October 2, 2011 in Opinion

Smart Bombs: Frequently made mistake

By The Spokesman-Review
 

Rather than field questions from the media on the Otto Zehm case, the mayor’s office decided to grill itself. This leads me to my own frequently asked questions on FAQs.

Should FAQs be issued by elected leaders?

Only if they want to look like they’re ducking important and obvious questions.

But aren’t journalists just angry because they didn’t get to spring their “Gotcha!” questions?

This misses the point. FAQs are fine for handling repetitive questions that have been answered many times. They’re awful when used as a first-time response, especially when the answers will be strongly disputed.

The mayor has said she won’t go into any details for fear that this would disrupt legal proceedings. So why bother?

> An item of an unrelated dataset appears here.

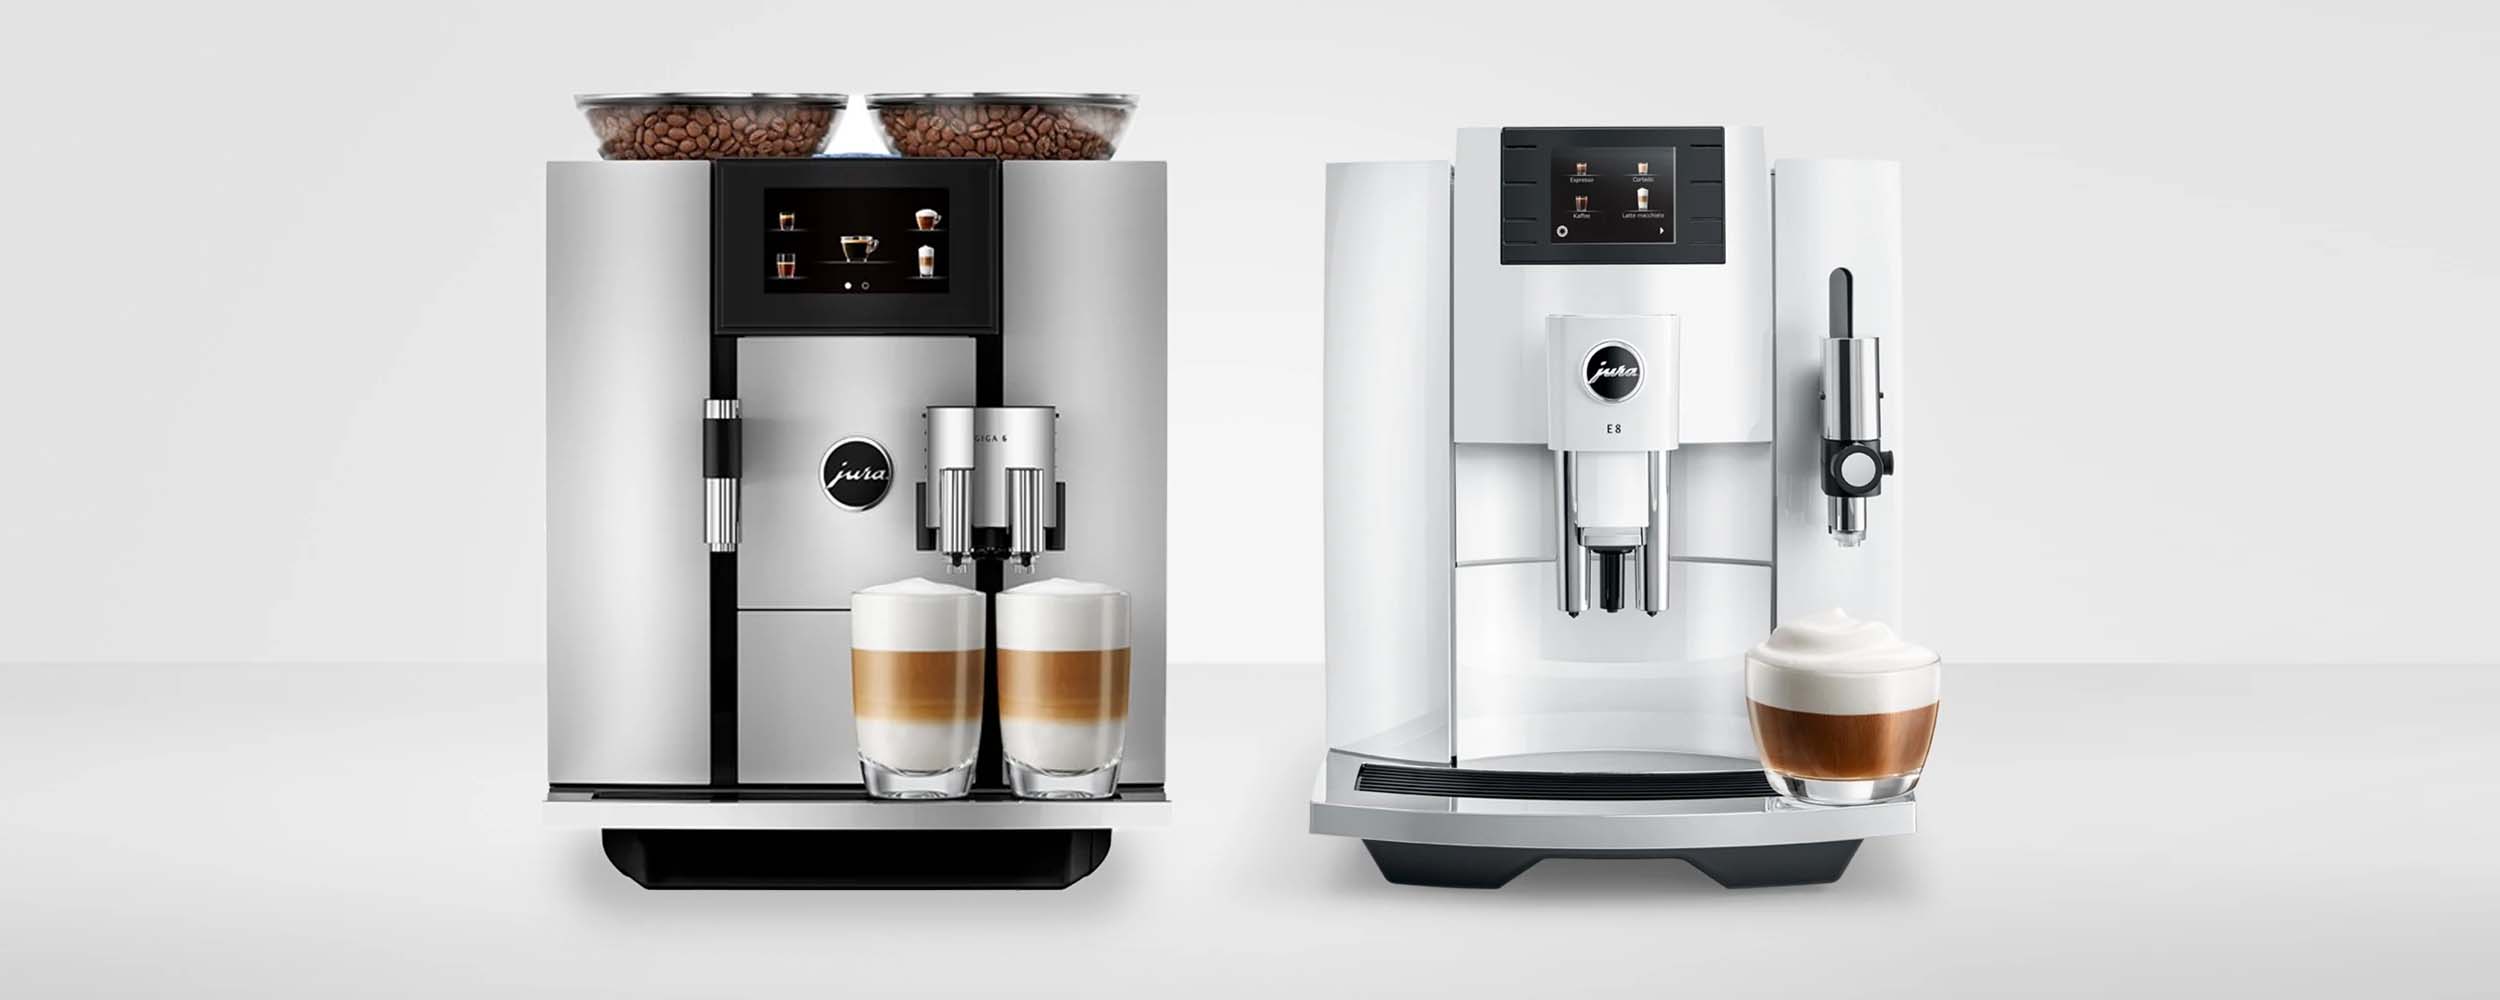 What Do The Jura Coffee Machine Reviews Say?

Disrupt proceedings, eh? Like an assistant city attorney disrupting the U.S. attorney’s office probe, which became the basis for feds seeking a meeting with the mayor, council president and the city attorney? Wonder why that was rebuffed?

Good questions.

C-R-A-Z-Y. What’s this world coming to when radical clerics promoting rigid fundamentalism can’t be counted on to stand strong against society’s immoral and blasphemous enticements? First, a trove of pornographic videos is discovered on Osama bin Laden’s computer. Now, there’s news that the recently killed al-Qaida leader in Yemen had a hankering for prostitutes.

But, alas, all is not lost.

Faryal Bhatti, a Christian eighth-grader in a Pakistan school, was accused of blasphemy when she misspelled a word on an Urdu language test, according to the International Herald Tribune. Unbeknownst to the girl, the mistake yielded a slur against Islam. Apparently, this mistake posed a grave threat, because prayer leaders condemned the girl and male students called for criminal charges. Ultimately, school leaders expelled the girl for her innocent error.

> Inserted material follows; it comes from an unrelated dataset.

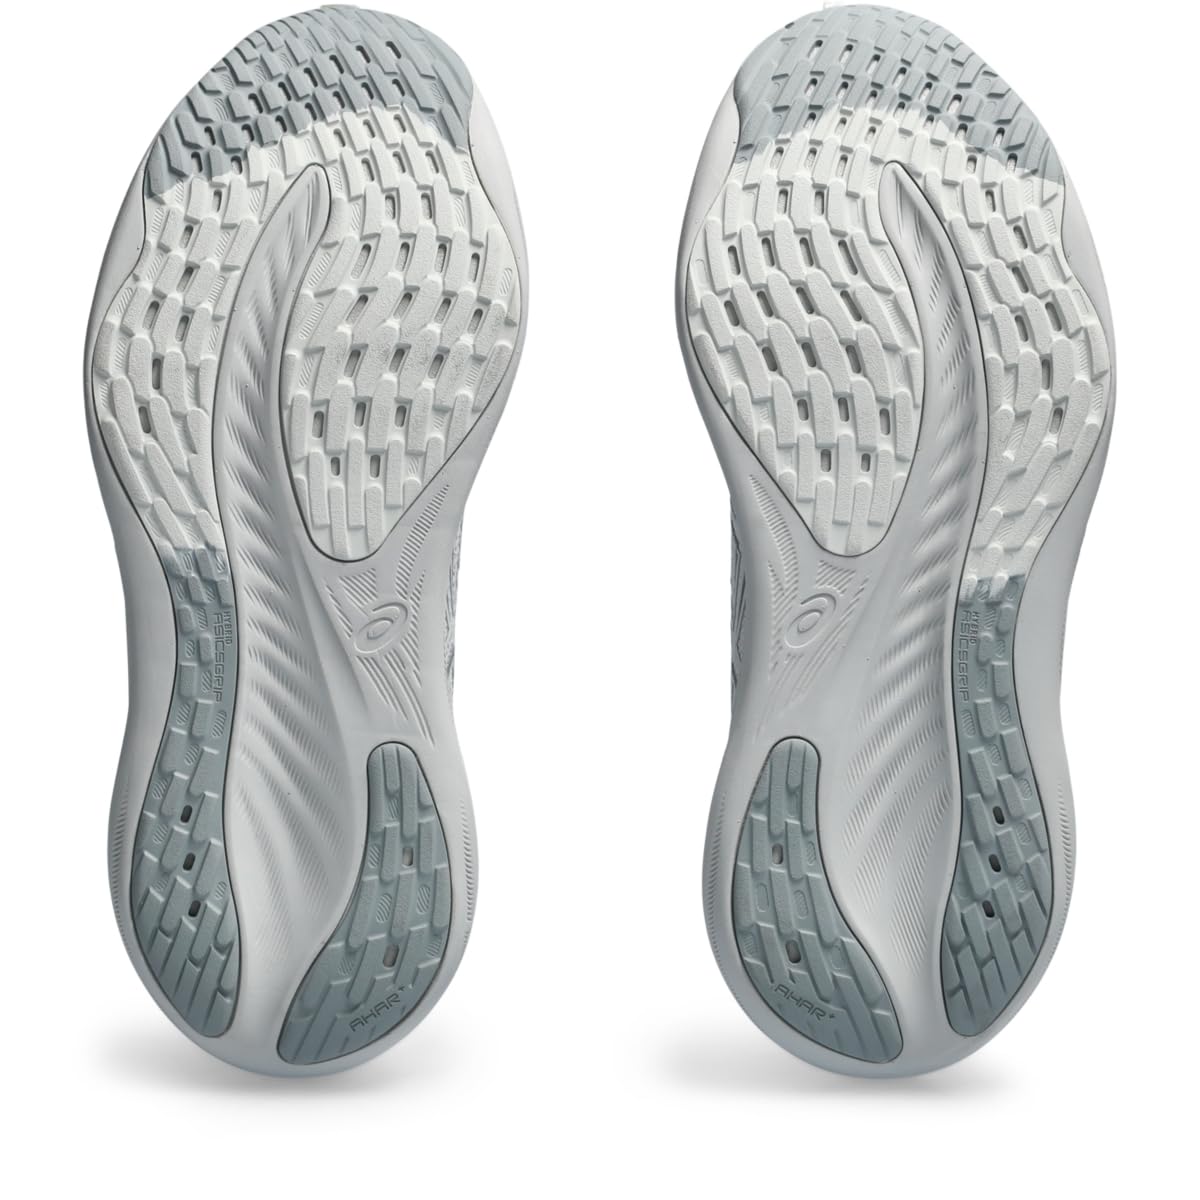 ASICS Women's Gel-Nimbus 26 Running Shoe, 8.5, Concrete/Pure Silver

So, the rigidly religious can relax (if that’s possible), because the world is still safe for radical fundamentalism and its hypocritical leaders.

Damned if he don’t. How can you tell President Obama wants to grab your guns? He hasn’t, that’s how.

You see, it’s part of the president’s massive conspiracy to get re-elected in 2012 by taking the gun issue off the table, according to Wayne LaPierre, president of the National Rifle Association, who laid bare the president’s purported plot in a recent speech to the Conservative Political Action Conference.

“So when he got elected, they concocted a scheme to stay away from the gun issue, lull gun owners to sleep and play us for fools in 2012. Well, gun owners are not fools and we are not fooled,” LaPierre exclaimed.

You sure could’ve fooled me, because during the 2008 presidential election, the NRA issued warnings that strict gun control measures were imminent if Obama were elected. You might recall that this led to a stampede on gun shops as fearful gun owners stocked up on weapons and ammunition.

Now gun owners are being told that the NRA knew all along that nothing would happen for at least four years. Perhaps they can petition LaPierre for refunds on their hasty purchases, and let him know that they won’t be fooled again. But I suspect they’ll cut him a fundraising check instead.

Don’t ask. Don’t tell. Before Congress changed the banking rules on “swipe fees” and overdraft charges, many consumers were hit with even higher costs. Every time you used your credit card, banks charged merchants a fee, which they either ate or passed along to consumers in the form of higher prices. But the new rule, which was implemented Saturday, limits how much banks can charge merchants for swipe fees. So banks are expected to make up the difference by directly charging consumers for using their debit cards. Bank of America has already announced its $5-a-month fee. This transparent arrangement has sparked consumer outrage.

So, where was the anger when the fees were hidden? Well, that answers itself. Consumers didn’t know.

Guess they preferred to be robbed blind.

Now that’s security. Last week I contrasted a local Ponzi scheme with Social Security, but I left out a significant difference. The people who lost money in the alleged Little Loan Shoppe scam will have Social Security benefits to fall back on. Good thing they couldn’t invest their Social Security contributions, too.